Slick Rick, "Adults Only"

Though this is perhaps the 10th song I’ve written about, I have to break the mold, already. So far, I’ve listened to each song a few times, collecting impressions new and old; I re-read the lyrics, correcting misinterpretations and connecting ideas.

Yet I refuse to listen to “Adults Only” again.

To engage with this song is to beckon a bird of prey, to accept its perch on your shoulder, to welcome its maw, which swiftly finds your ear, pressing your membranes, prodding them, slicing them, believing the deeper it gets, the more whole you’ll become. It won’t take long to find your cochlea, and your nerves. You were alone, then came the bird; now you’re new.
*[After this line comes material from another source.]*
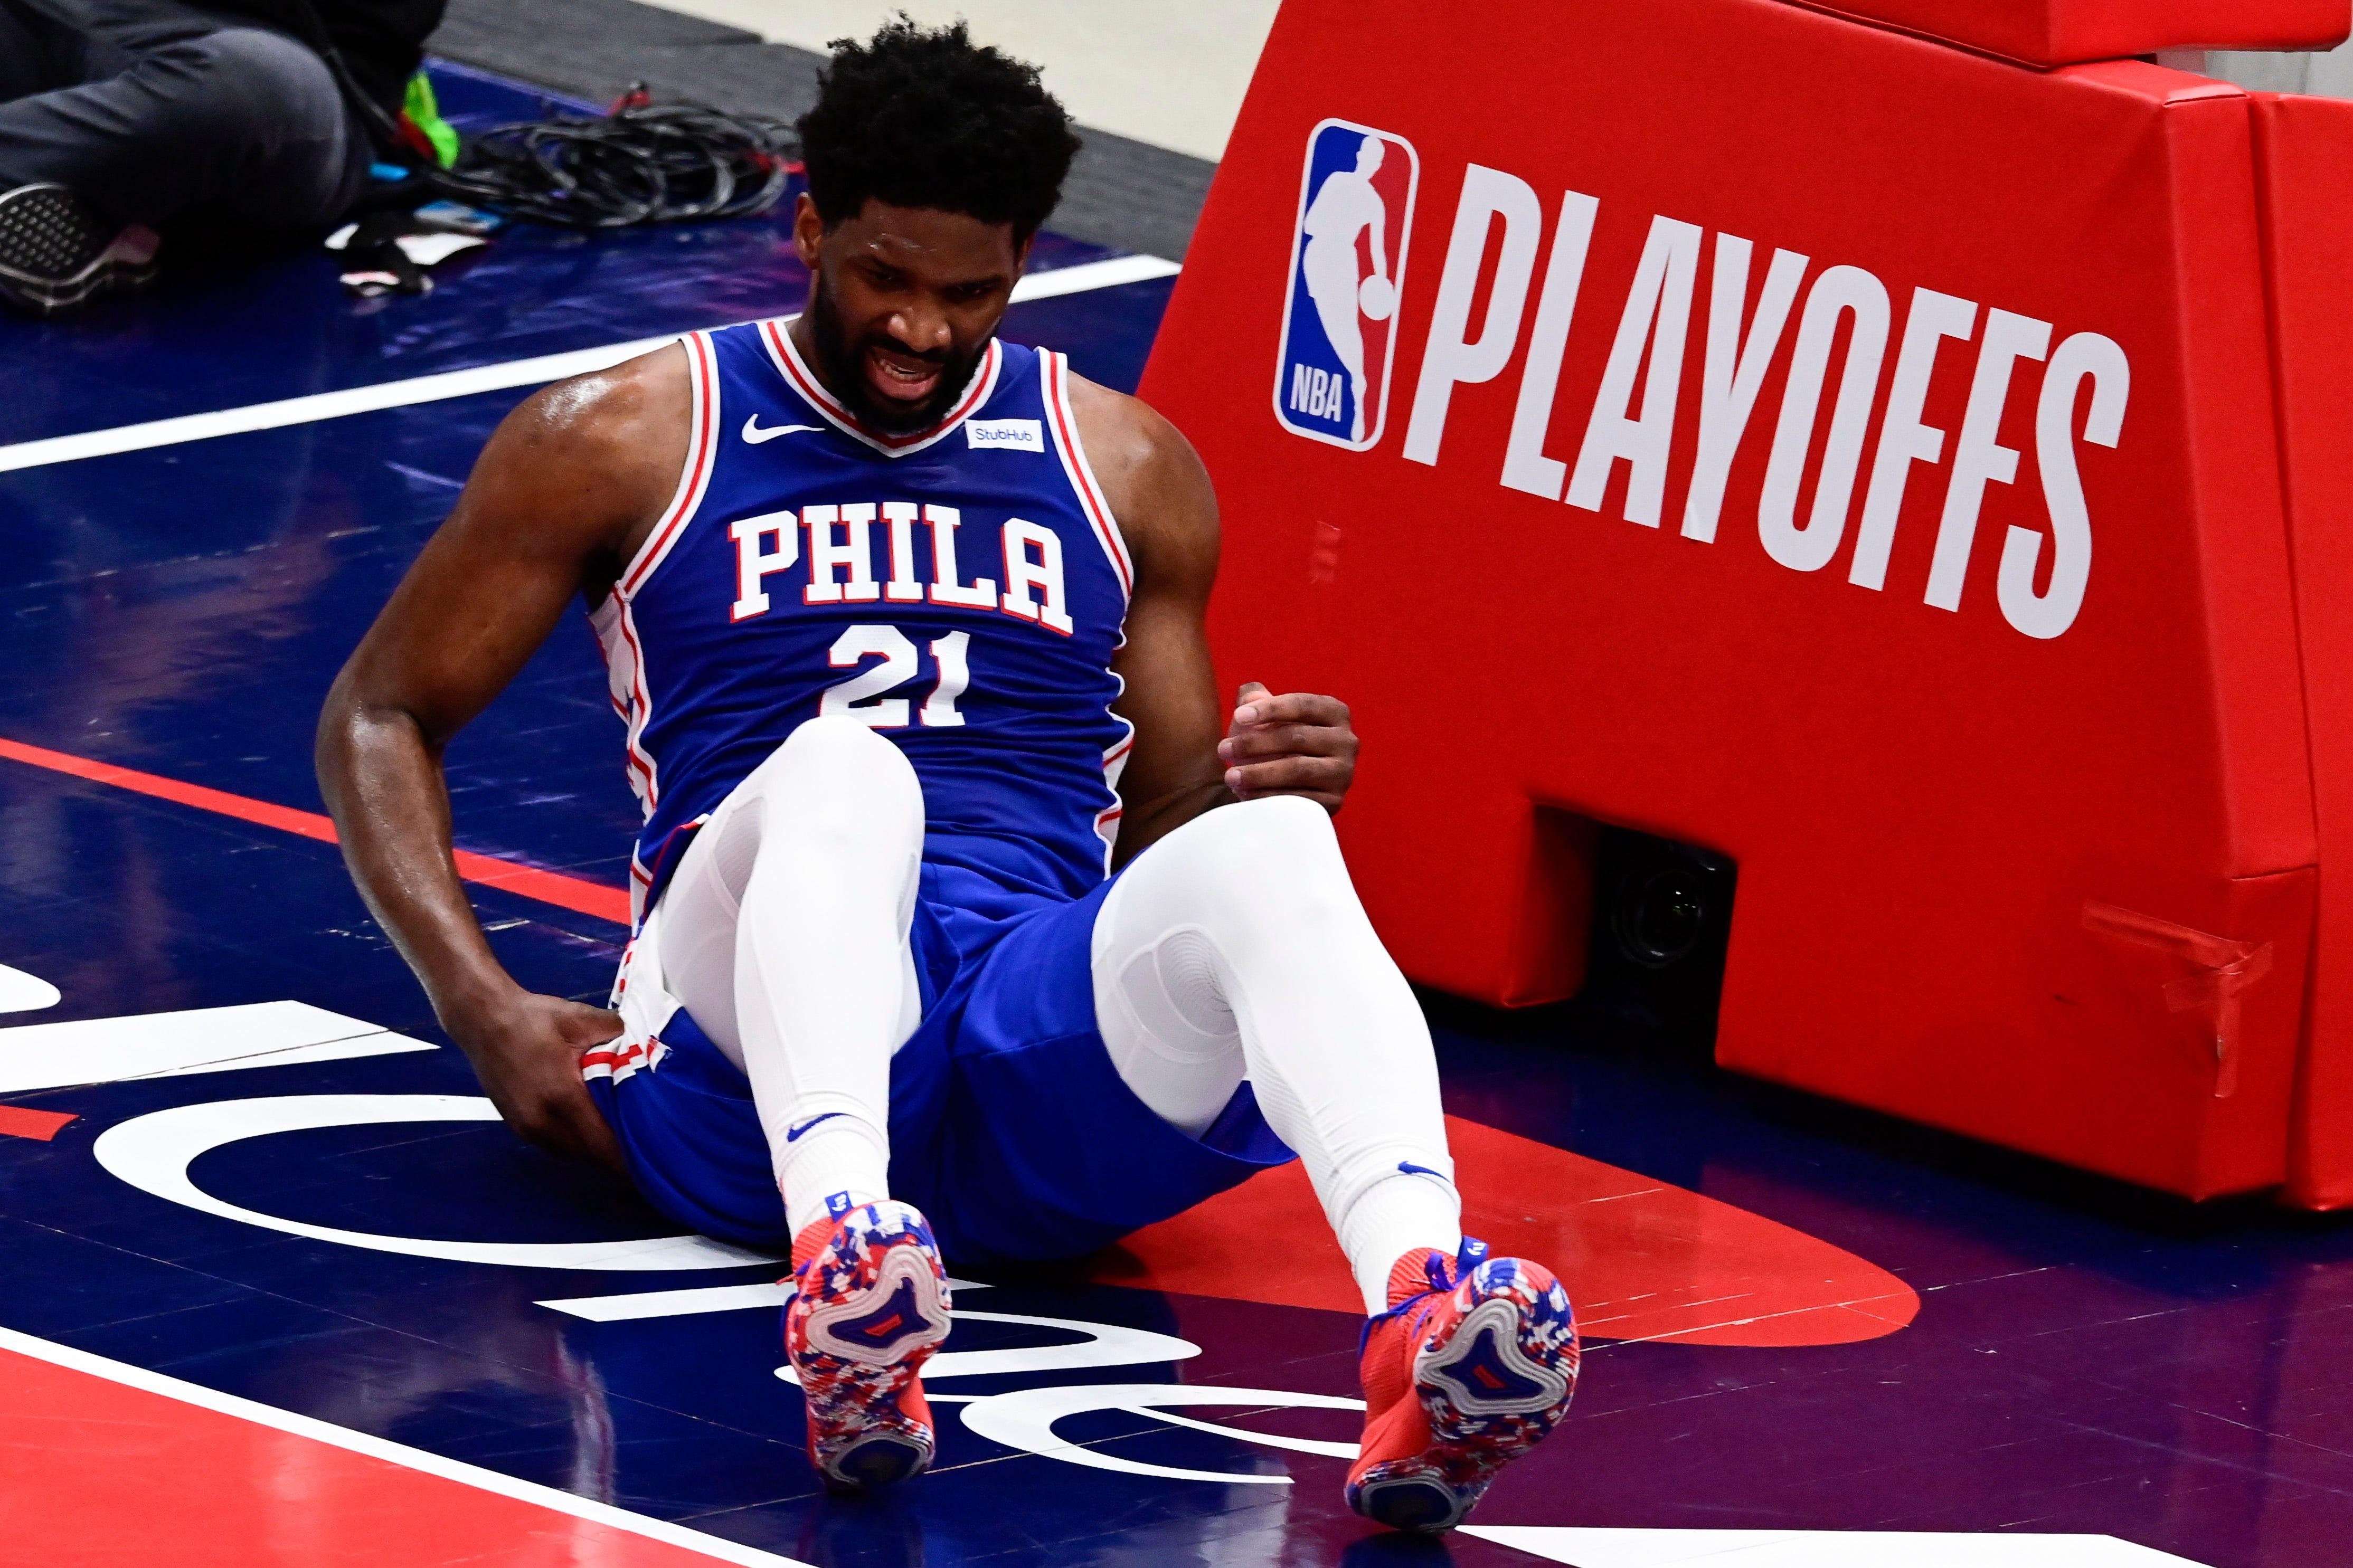 Joel Embiid doubtful for Philadelphia 76ers' NBA playoff Game 5 vs. Washington Wizards

I remember how compromised I felt, how drenched and exhausted, after first listening to my brother’s copy of The Art of Storytelling. Slick Rick is a master storyteller, indeed. As a lifelong admirer of stories, their intentions and machinations, I should admit that, after first enduring it, I learned a few things from “Adults Only.” Thankfully, though, they were entirely about point of view.

In “Adults Only,” we have a self-proclaimed “Ruler” seeing, and seeding, his domain.

In no time at all, Rick’s mouth starts “foamin’,” and the misrepresentations begin. To the egomaniacal and twisted, perspiration has only one inspiration. And it isn’t nerves. He mentions playing “his cards right,” as if he bothered to deal his date a hand. Cackling with laid back, sinister glee, Rick performs one parlor trick after another; after all, he holds all the cards. Personification as an assistant - “the hungry little butthole,” “the table was barrin’ her” - and simile as an accomplice - “She said it felt like a bulldozer boring her,” “I’m all over her like an octopus” - Rick self serves, victims be damned, ignored, and expended.

And yet - she has her say in the end. A simple denouement: “More, more, more!” A final lesson: a story does not require hope or realism to conclude. A work of fiction just needs to finish.